5. Reducing the area of fire extinguishing stations to accommodate control units equipped with the declared signal valves.

6. Decrease in material consumption of control units, main ring and deadlock pipelines at fire extinguishing stations.

The implementation of the claimed options 1, 2 and 3 of the invention was carried out by checking prototypes for compliance with fire safety standards recognized as valid, and was drawn up by the Act of 03/10/08 with signatures of the members of the selection committee, the head of the Quality Department of the plant and approved by the Chief Designer of the plant.

The design of devices of options 2 and 3 allows you to perform a sprinkler or deluge type of fire extinguishing through two or three supply pipelines, or at the same time, or separately, sprinkler and deluge types of automatic fire extinguishing with a standard consumption of extinguishing agent through its supply pipe.

The claimed device exceeds the level of technology in the field of automatic fire extinguishing and for the first time ensures the implementation of new properties based on the performance of a technical task. The technical result is justified by the following causal relationship: the configuration of the prototype design in terms of hydraulics is the knee, in the same field of technology there are also tees, crosses, etc., which are used by the author to form the design of a more advanced device.

- 4 013858

As a result, the invention has acquired new technical features that provide the expected technical result, namely, a new type of automatic fire extinguishing - sprinkler and deluge simultaneously from one control unit.

Information sources.

1. Valve high-speed membrane type BKM - TU 2509-40-78 III. Catalog Technical means of automatic fire extinguishing installations. Issue 2, Moscow, 1986.

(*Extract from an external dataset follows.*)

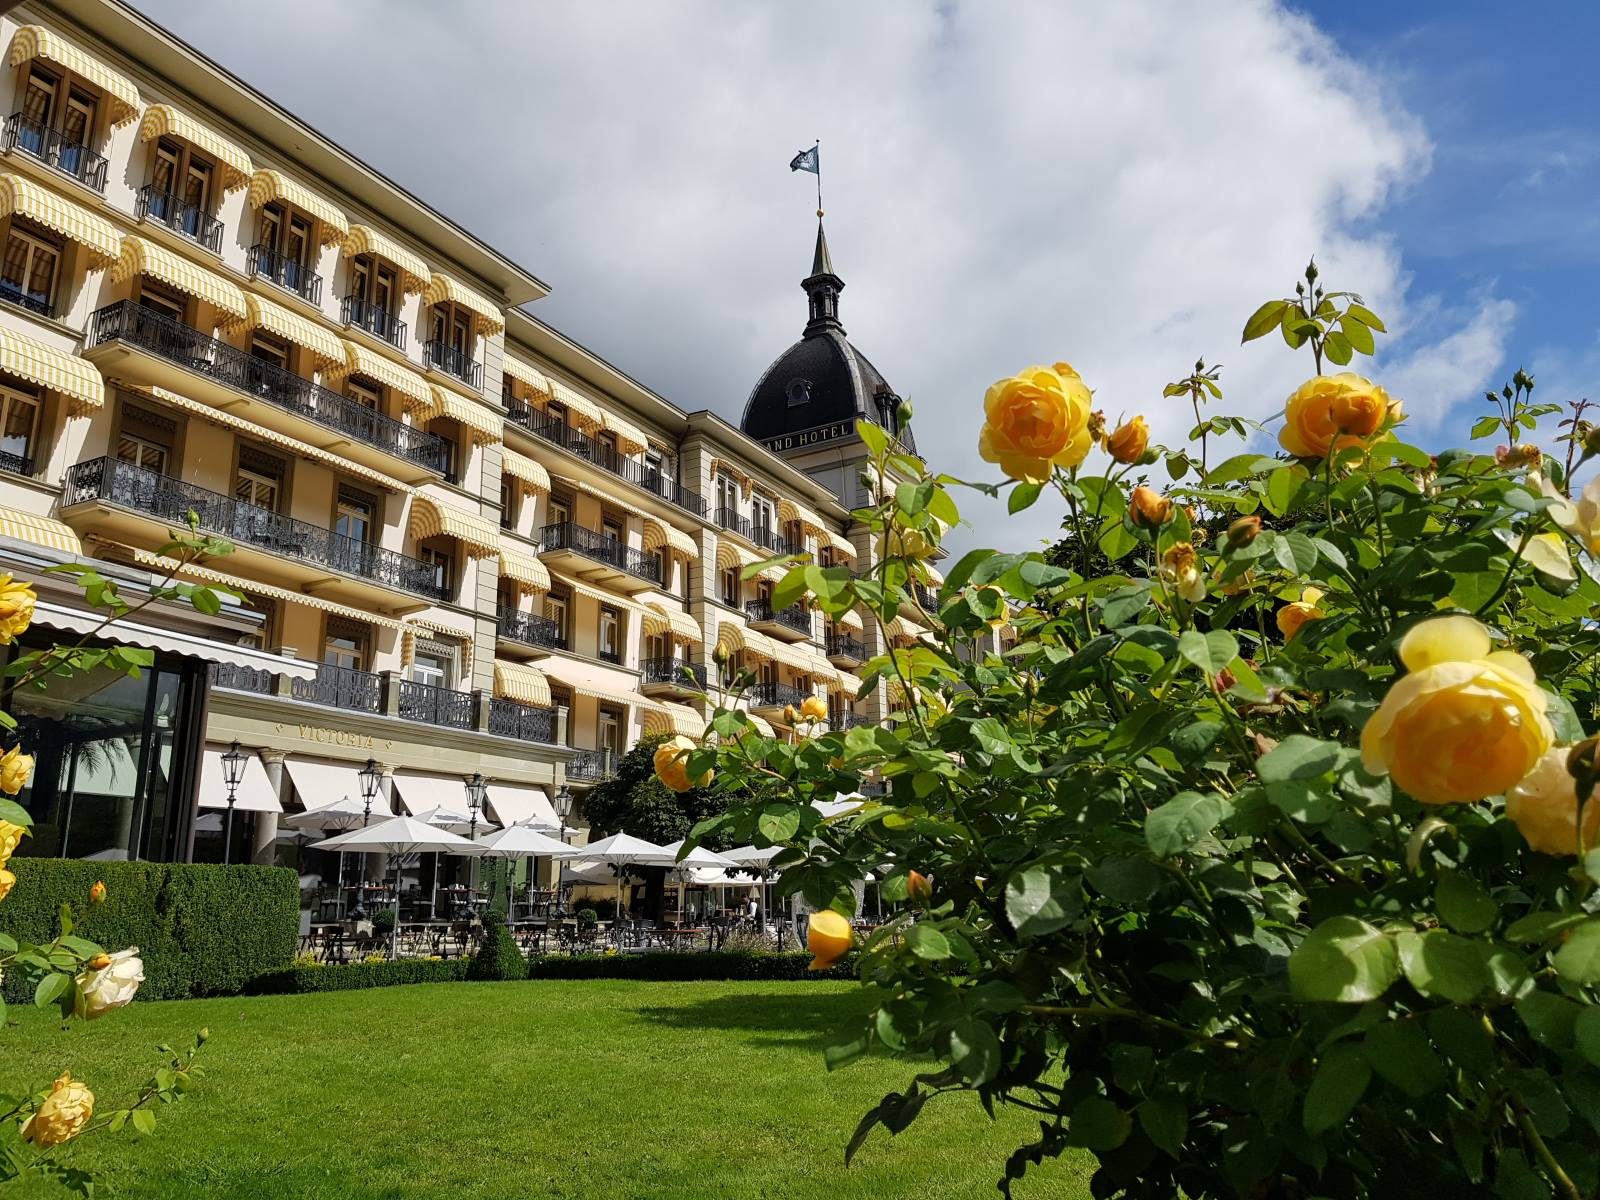 Victoria Jungfrau Grand Hotel & Spa - Seminarhotel im Berner Oberland

2. SNB 2.02.05-04. Fire automatics. Minsk, 2005

Claims (6)

CLAIM 1. Valve signal, comprising a housing in which the supply, supply and working cavities and membrane mechanism are made, characterized in that the supply cavity directly contacts at an angle of 90 ° with the supply and working cavities, and is also designed to interact with the membrane mechanism sealing the saddle installed in the upper part of the inlet cavity. 2. Valve signal, comprising a housing in which the supply, supply and working cavities and a membrane mechanism are made, characterized in that two supply cavities are made in its casing, made coaxial, symmetrical horizontally with axes perpendicular to the axis of the input cavity, and the specified supply the cavities are directly in contact at an angle of 90 ° with the inlet and working cavities, and also made to interact with a membrane mechanism that seals a saddle installed in the upper part of the inlet cavity. 3. Valve signal, comprising a housing in which the supply, supply and working cavities and a membrane mechanism are made, characterized in that three supply cavities with axes perpendicular to the axis of the input cavity are made in its housing, two of which are coaxial, symmetrical horizontally, and the axis of the third supply cavity is perpendicular to the axes of these two supply cavities, and these supply cavities directly contact at an angle of 90 ° with the supply and working cavities, and are also designed to interact with the membranes an early mechanism for sealing the saddle installed in the upper part of the inlet cavity. 4. The signal valve according to claim 1, characterized in that in the lower part of the inlet cavity an additional feeding cavity is made to operate independently of the membrane mechanism. 5. The signal valve according to claim 2, characterized in that in the lower part of the inlet cavity an additional supply cavity is made to operate independently of the membrane mechanism. 6. The signal valve according to claim 3, characterized in that in the lower part of the inlet cavity an additional feeding cavity is made to operate independently of the membrane mechanism.